Ignite Realtime Foundation: Articles of Association

Version 4

    This text is a draft of a set of articles of association, intended to be used in a deed of incorporation of a foundation that forms the legal representation of the Ignite Realtime community.

    I present this articles as a base of discussion, and invite you to provide feedback in any way or form that you see fit. I'd like to stress that these articles are by no means 'final' in any sense. I've drafted them primarily to give us something tangible to discuss.

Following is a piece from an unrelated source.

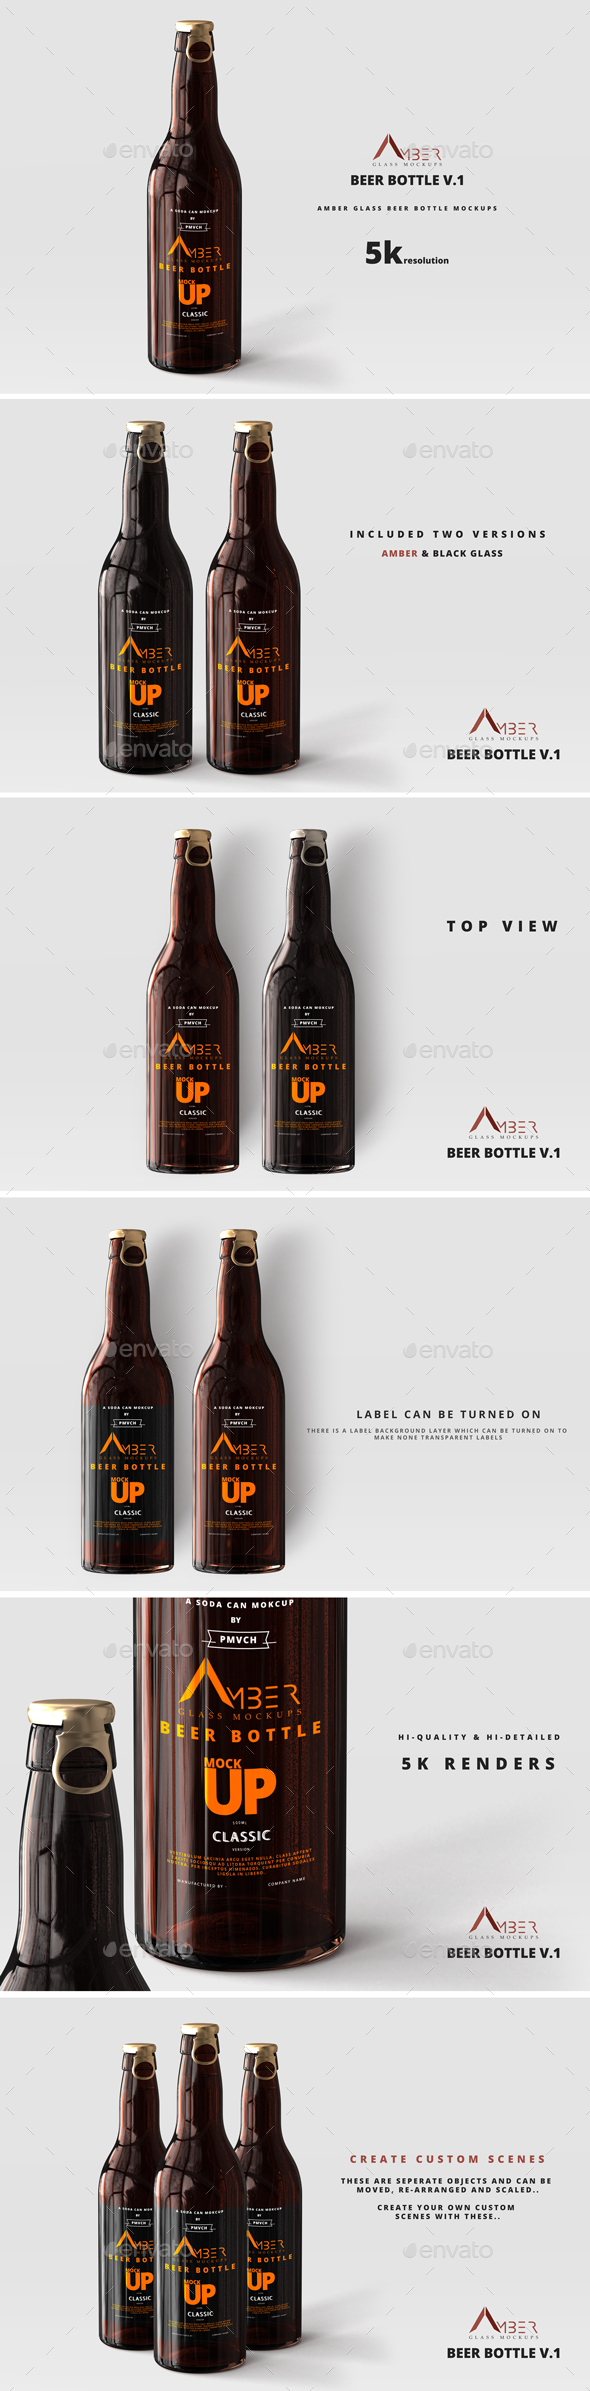 Download Amber Glass Beer Bottle Mockup 01 By Deltatemplates Graphicriver
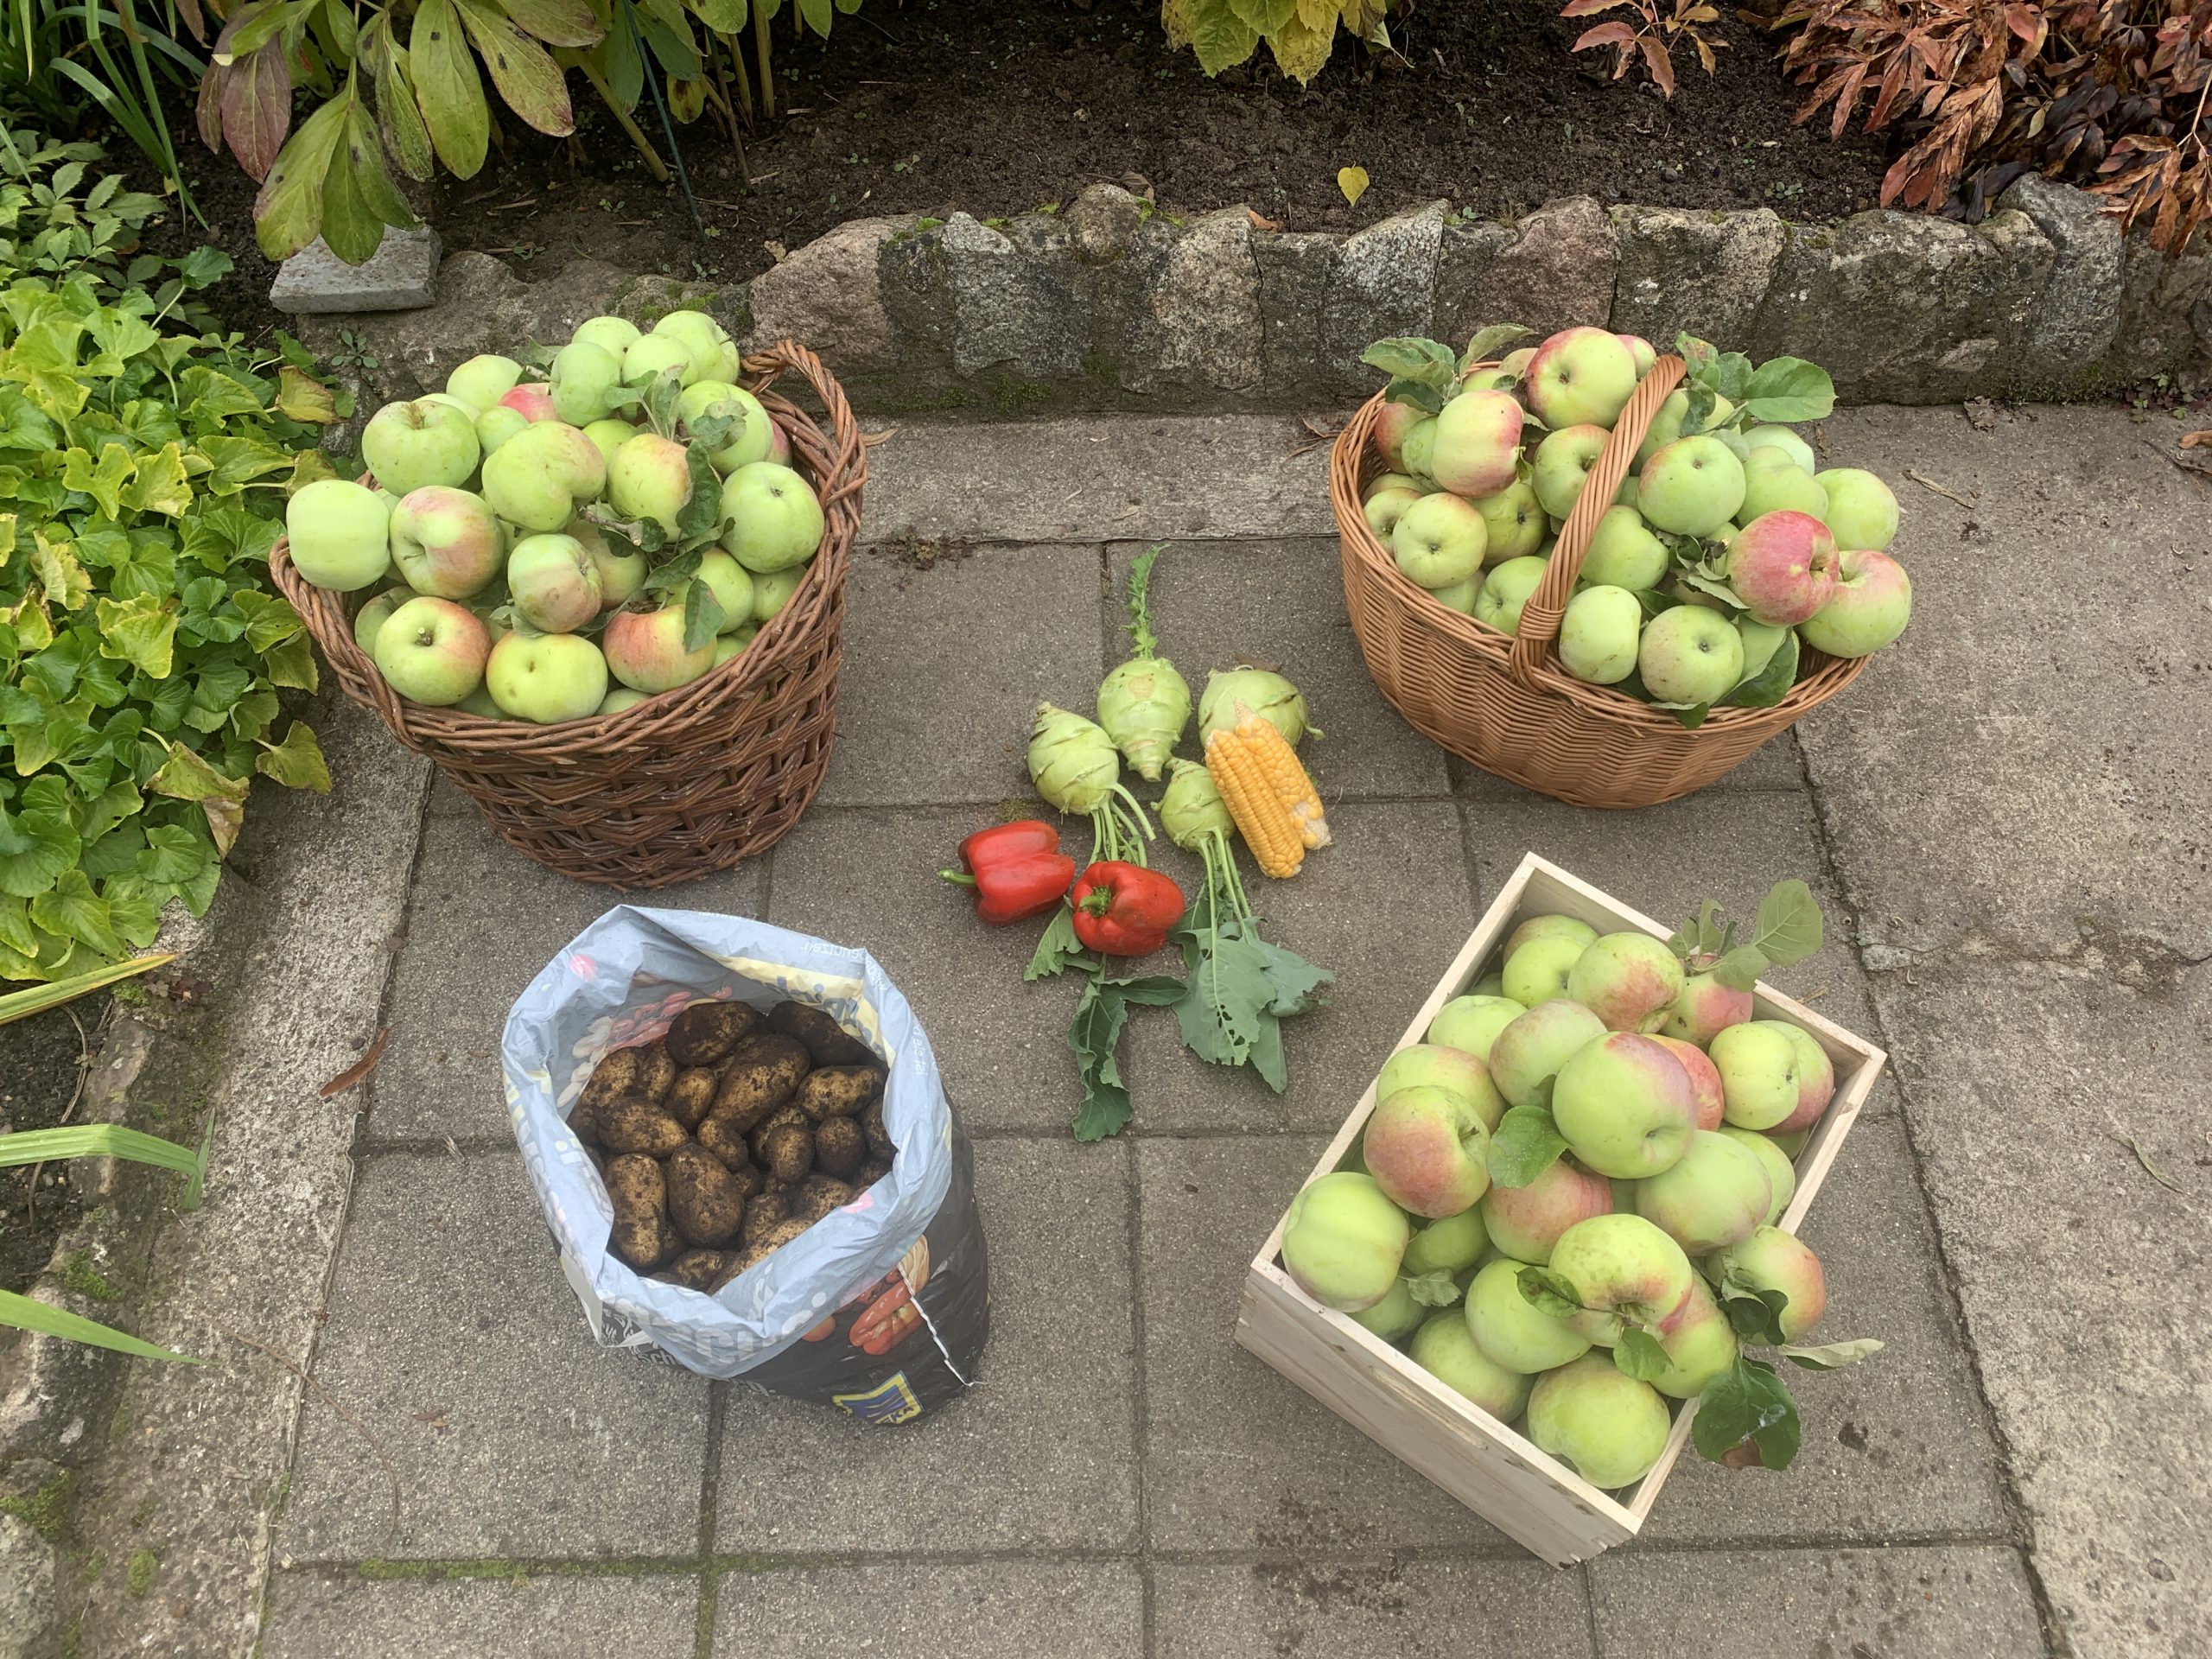 Äpfel, Paprika, Mais, Kohlrabi und Kartoffeln - all das wurde an die Schwester des Autors verschenkt

    Author: Guus der Kinderen

    Article 1. Name and domicile

    1. The name of the foundation is: Ignite Realtime Stichting.
    2. When an English context is appropriate or desired, the foundation shall go by the name; Ignite Realtime Foundation.
    3. The official seat of the foundation is in the municipality of 's-Hertogenbosch, the Netherlands.

    Article 2. Objective

    1. The objective of the foundation is to promote, support and advance development of software in the Ignite Realtime Open Source community, composed of end-users and developers around the world who are interested in applying innovative, open-standards-based real time collaboration solutions.
    2. The foundation is a selfless body; it does not have a profit motive. The foundation may be bestowed with funds or assets in order to pursue its objectives. These are destined exclusively to the pursuit of the foundation’s objectives. Any proceeds are to be used exclusively for the pursuit of the foundation’s objectives.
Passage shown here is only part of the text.